--- RECORDED INFORMATION Enclosed Below ---

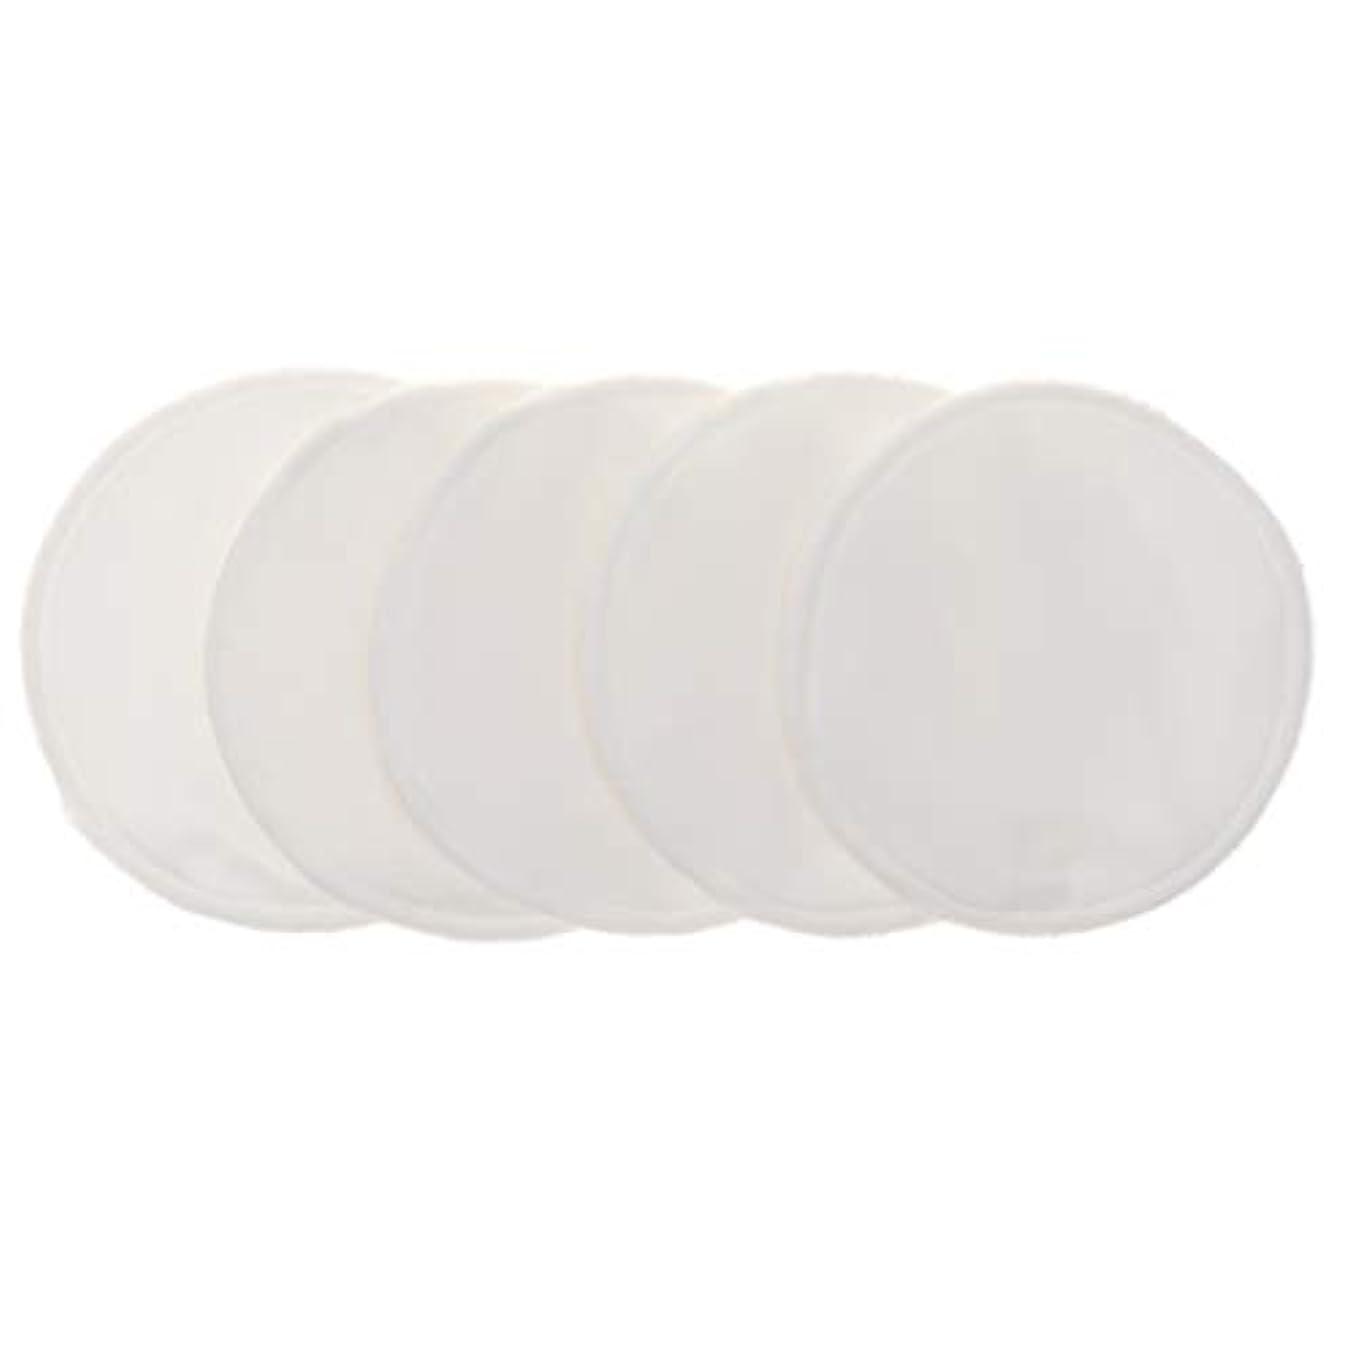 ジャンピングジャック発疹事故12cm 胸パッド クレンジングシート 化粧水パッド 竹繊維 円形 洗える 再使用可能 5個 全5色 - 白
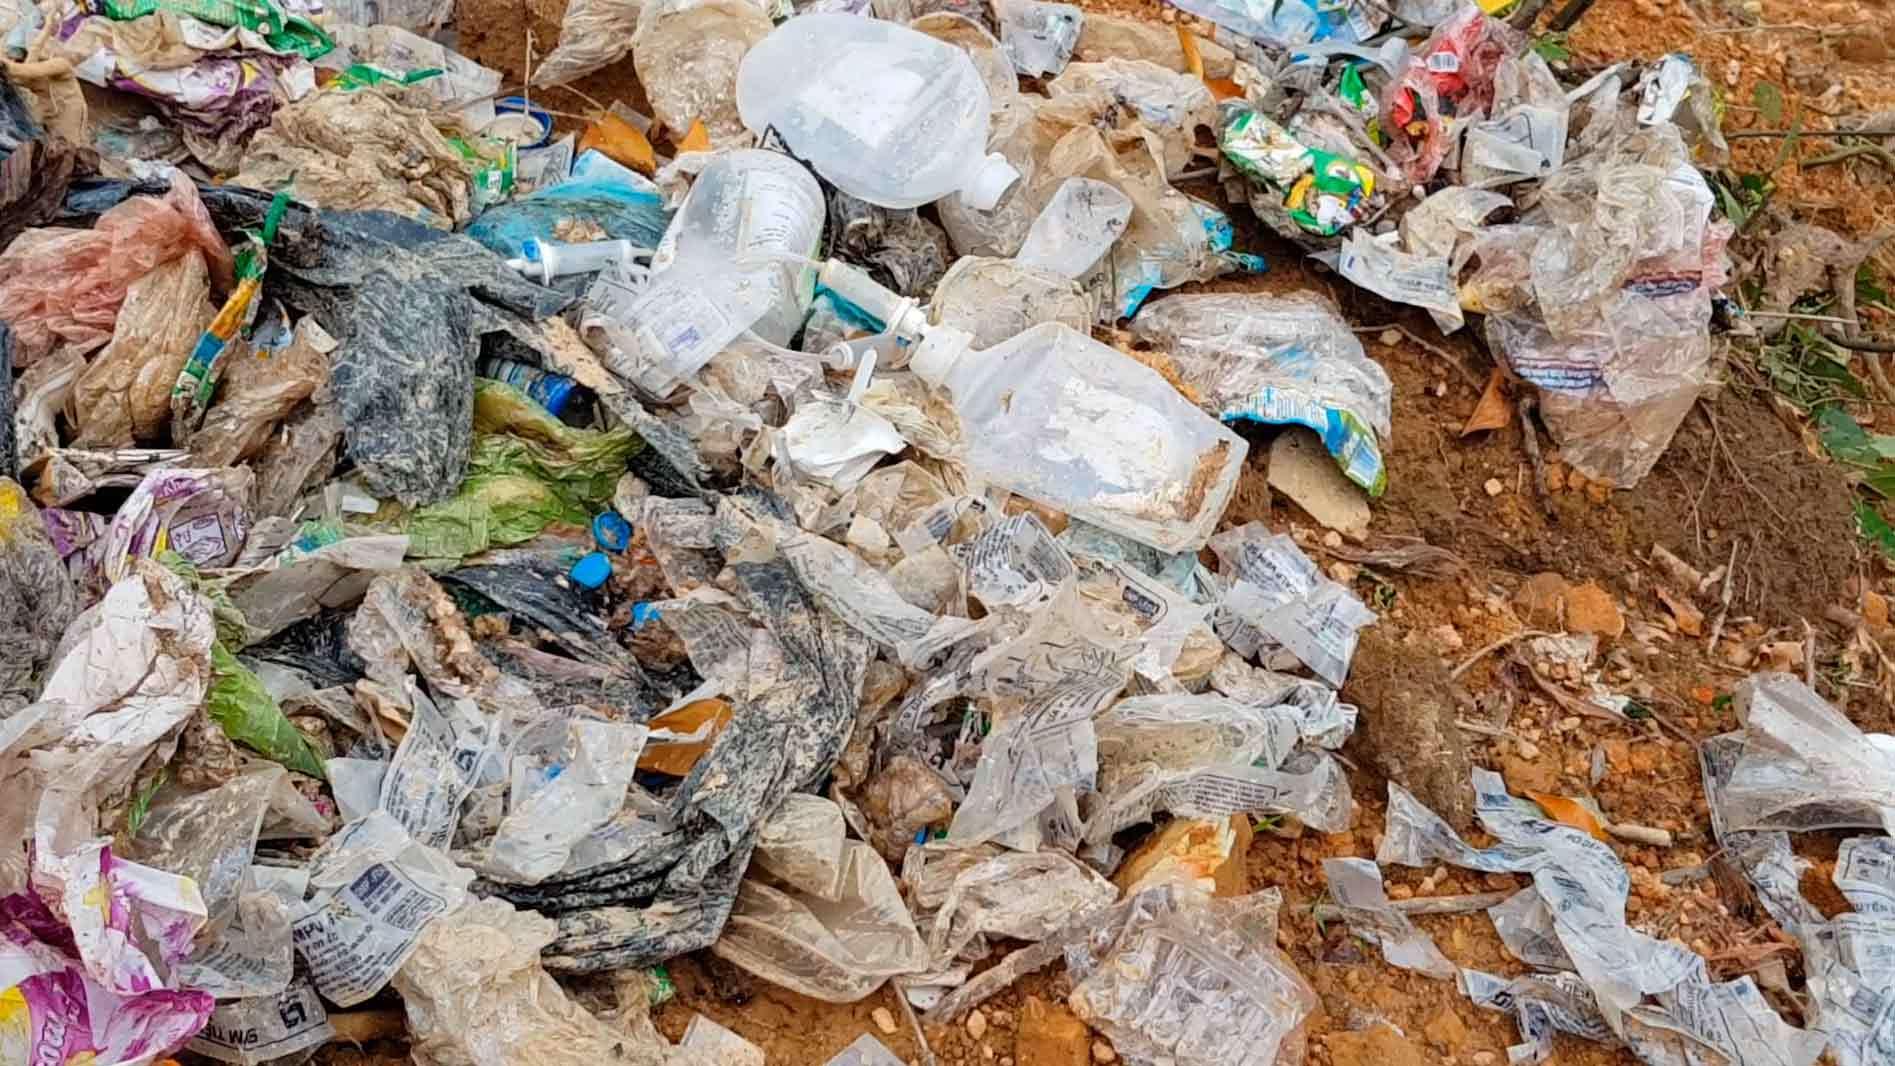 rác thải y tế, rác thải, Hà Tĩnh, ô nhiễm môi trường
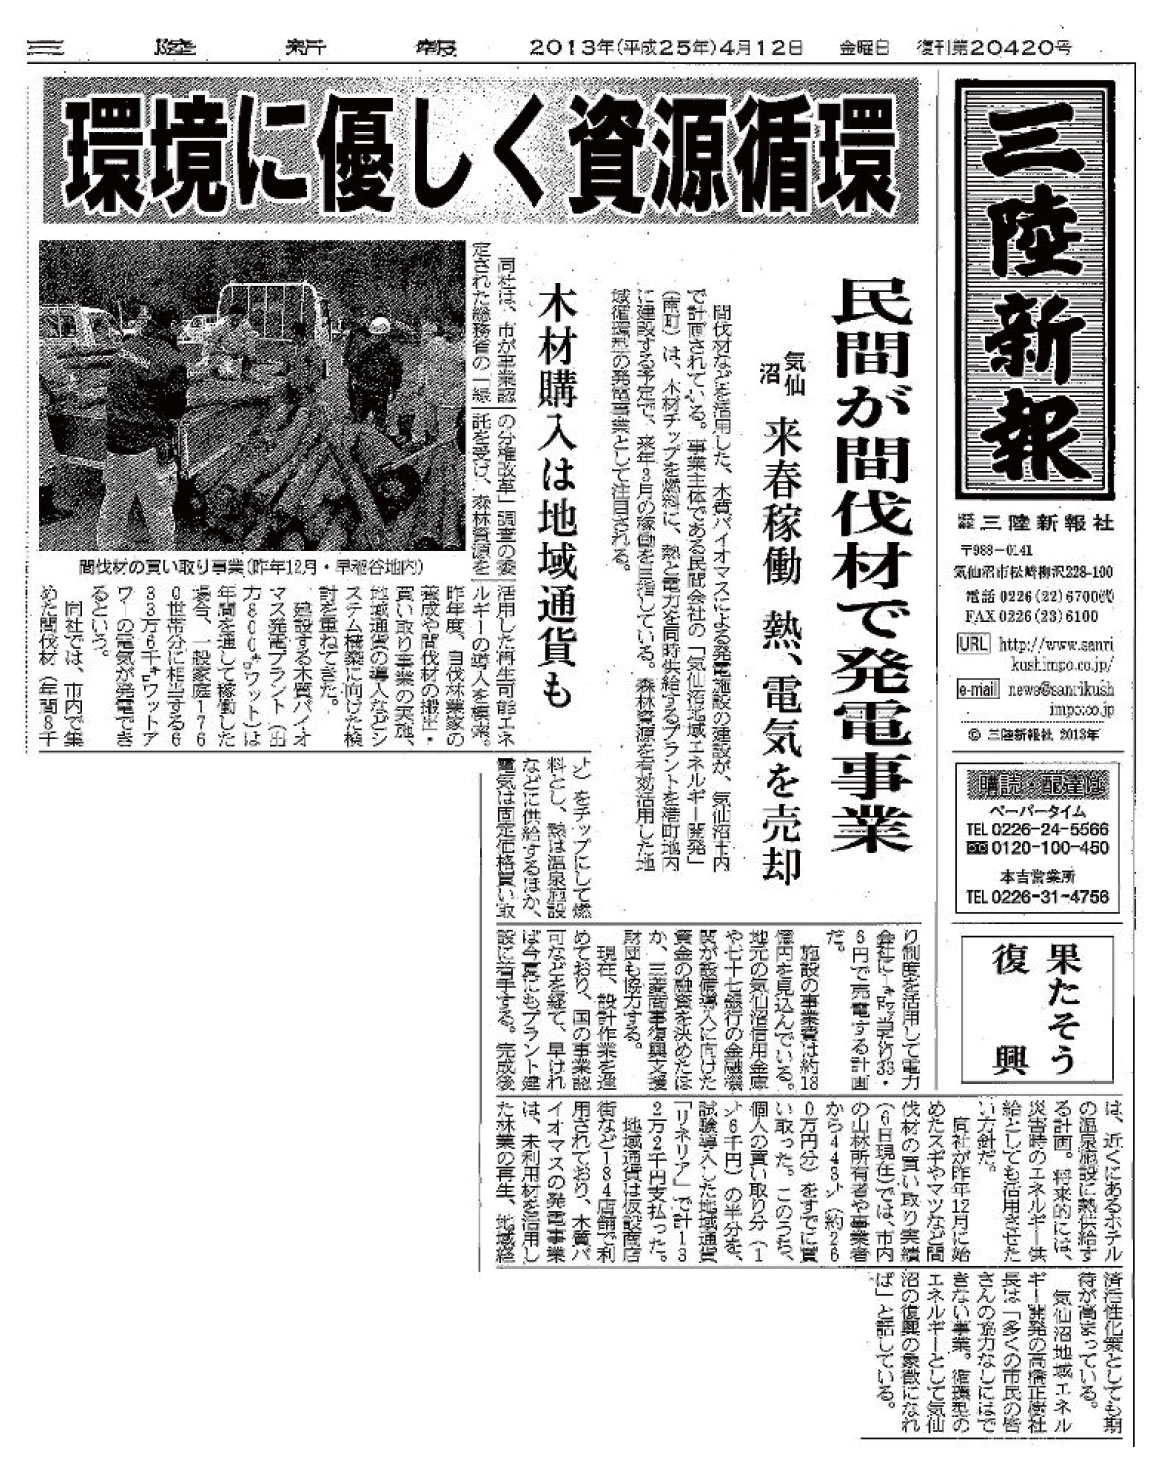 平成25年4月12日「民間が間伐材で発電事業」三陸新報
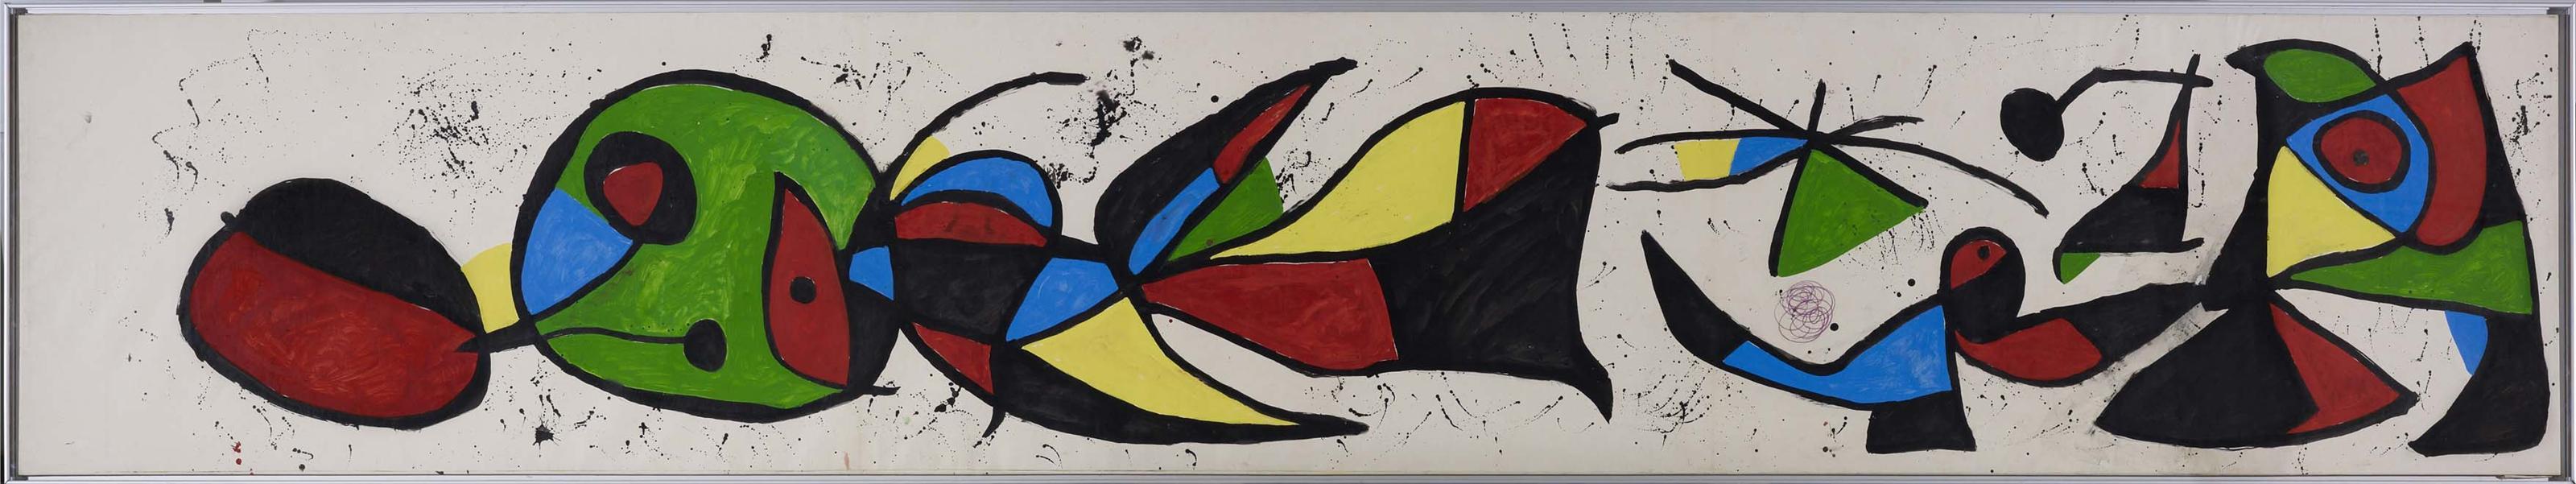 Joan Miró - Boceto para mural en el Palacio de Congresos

--- End of Enclosed RECORDED INFORMATION ---

> YOUR GOAL:
Strip out the pictures and quote the remaining data word for word.

> TASK RESPONSE:
 ジャンピングジャック発疹事故12cm 胸パッド クレンジングシート 化粧水パッド 竹繊維 円形 洗える 再使用可能 5個 全5色 - 白
 rác thải y tế, rác thải, Hà Tĩnh, ô nhiễm môi trường
 平成25年4月12日「民間が間伐材で発電事業」三陸新報
 Joan Miró - Boceto para mural en el Palacio de Congresos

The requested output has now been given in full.